Judgment (5 paragraphs)
[1]
Introduction
- The parties in these two appeal proceedings are City Convenience Stores Pty Ltd ("CCS") and Third Lafite Pty Ltd ("Third Lafite"). CCS occupied retail premises in George Street, Sydney owned by Third Lafite. By a decision of a single Member of the Tribunal, CCS was declared to have occupied the premises as licensee under a licence between 3 June 2013 and 30 May 2014 and thereafter was declared to have remained in and occupied the premises as a trespasser until 4 February 2015 when the owner repossessed them. An order was made by the Member for the payment of outstanding licence fees and an occupation fee quantified by way of damages for mesne profits. The amount said to be payable by CCS pursuant to this decision was $226,295.52.
- An appeal was instituted by CCS from the decision of the single Member. In essence, it was the position of CCS that the Tribunal had no jurisdiction and power to determine the matters in dispute between the parties because the statutory basis for such jurisdiction, being the Retail Leases Act ("the Act") did not apply to the occupation by CCS of the premises. A cross-appeal was instituted by Third Lafite to enable it to assert, as a secondary position, that the Act applied and, if the original decision was set aside, as an alternative a retail lease existed which would properly form the basis of a claim for a monetary order for outstanding rent.
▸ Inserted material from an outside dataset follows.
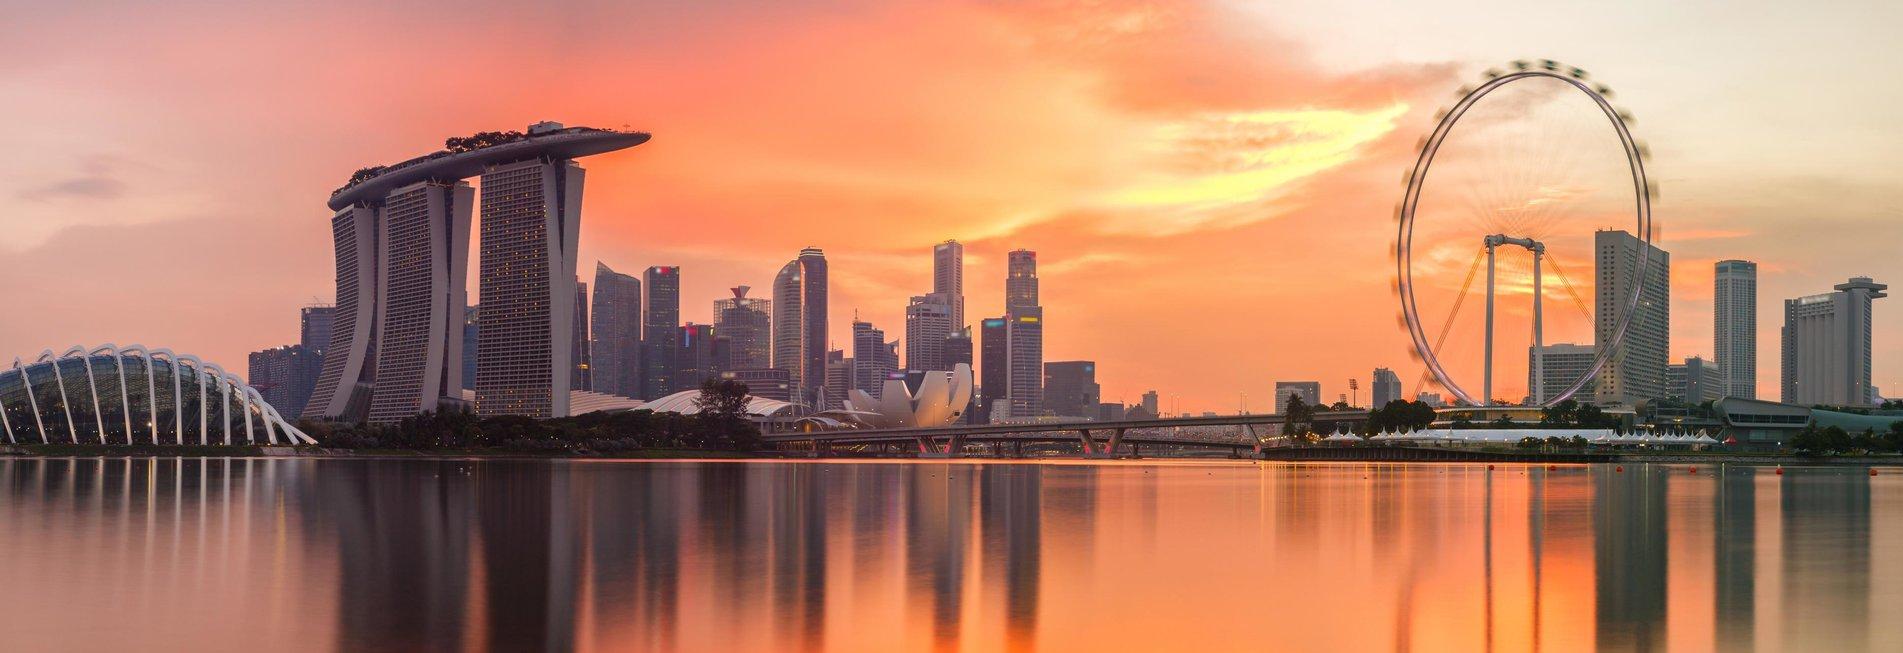 Kreuzfahrt - Norwegian Jade: Von Dubai nach Singapur

- In a Decision published on 29 November 2016, City Convenience Stores Pty Ltd v Third Lafite Pty Ltd; Third Lafite Pty Ltd v City Convenience Stores Pty Ltd [2016] NSWCATAP 254 we upheld the appeal of CCS to the extent that we set aside the order for the payment of damages calculated by reference to mesne profits, finding that at all relevant times there existed between the parties a retail lease under the provisions of the Act. Accordingly, we allowed part of the appeal initiated by CCS, set aside the order for payment of monies, but dismissed the arguments advanced by CCS that a retail lease did not exist. Because we had not been provided with sufficient information to enable us to calculate the amount of outstanding rent under the retail lease which we had found to exist, the parties were directed to endeavour to reach agreement as to the calculation of that amount and to file minutes of short orders within 7 days thereafter. We reserved costs. We did not deal at all with any argument that interest was payable on the amount to be awarded.